In the modern corporate world, these numbers would be considered trivial. But “Rocky Horror” continued to perform; after 96 weeks of sellouts in N.Y., the film moved to the New Yorker, because Waverly neighbors complained about the oddly-dressed and noisy fans (who queued up many hours in advance). And it continued playing midnight shows for decades.

In March 1971, Variety credited the midnight phenomenon to“El Topo,” a trippy Western directed by Alexandro Jodorowsky, which had opened at Christmas 1970 at New York’s Elgin Theater; it cost $350 a week to keep the theater open that late every night, and the weekly income was about $4,000. The “El Topo” pattern was soon followed by “Pink Flamingos,” the 1936 “Reefer Madness,” “Harold and Maude” and “King of Hearts.”
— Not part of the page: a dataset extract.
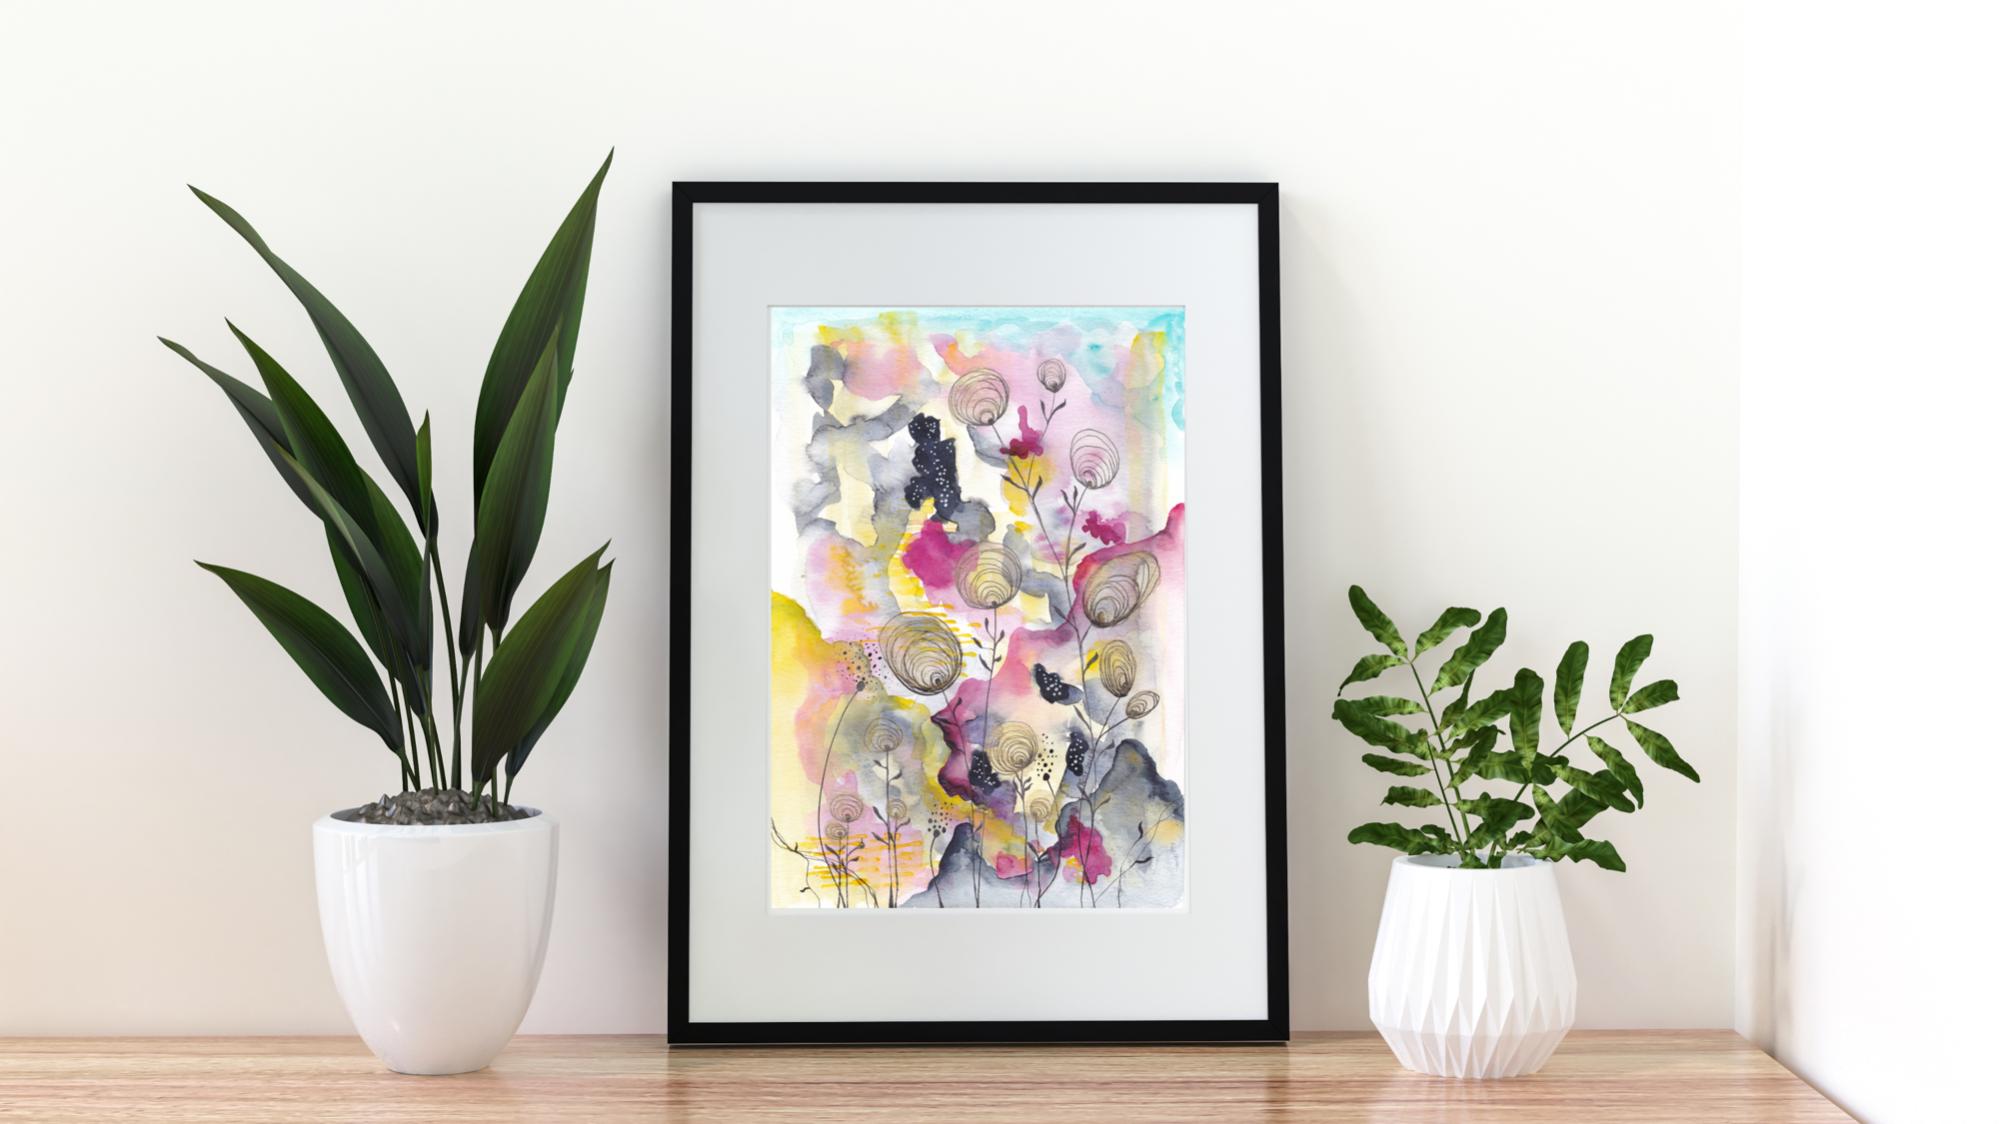 'Enchanted Garden' Watercolour Art by Stacey-Ann Cole

But “Rocky Horror” added another level of enjoyment to midnight screenings, since some theaters gave free (or discounted) admission to anyone in costume, and people started showing up as their favorite characters, singing along and vocally interacting with the onscreen action. (Among the items frequently brought to throw at the screen were toast, newspapers, confetti, rice, toilet paper and a deck of cards.)

“Rocky Horror” ended up earning more than $100 million in the U.S., and inspired countless revivals of the original stage work by Richard O’Brien, a British-born, New Zealand-raised actor.

The film, like the stage show, was directed by Jim Sharman, a Sydney-born helmer who grew up in a circus. Sharman only made three other feature films, including the 1981 “Shock Treatment,” starring Cliff De Young and Jessica Harper as Brad & Janet, the “Rocky Horror” protagonists who this time are contestants in a quiz show. That semi-sequel has a cult following, but could not duplicate the success of the original (which also starred Barry Bostwick and Meatloaf).

Despite its rocky beginnings, “Rocky Horror” was a defining work for all of the artists involved. And, as a bonus, the United States National Film Registry in 2005 named it as being a work that was “culturally, historically, or aesthetically significant.” Not bad for a film that was initially dismissed as a write-off. And there’s a lesson here for every exec who thinks that a film’s life depends on opening-weekend numbers.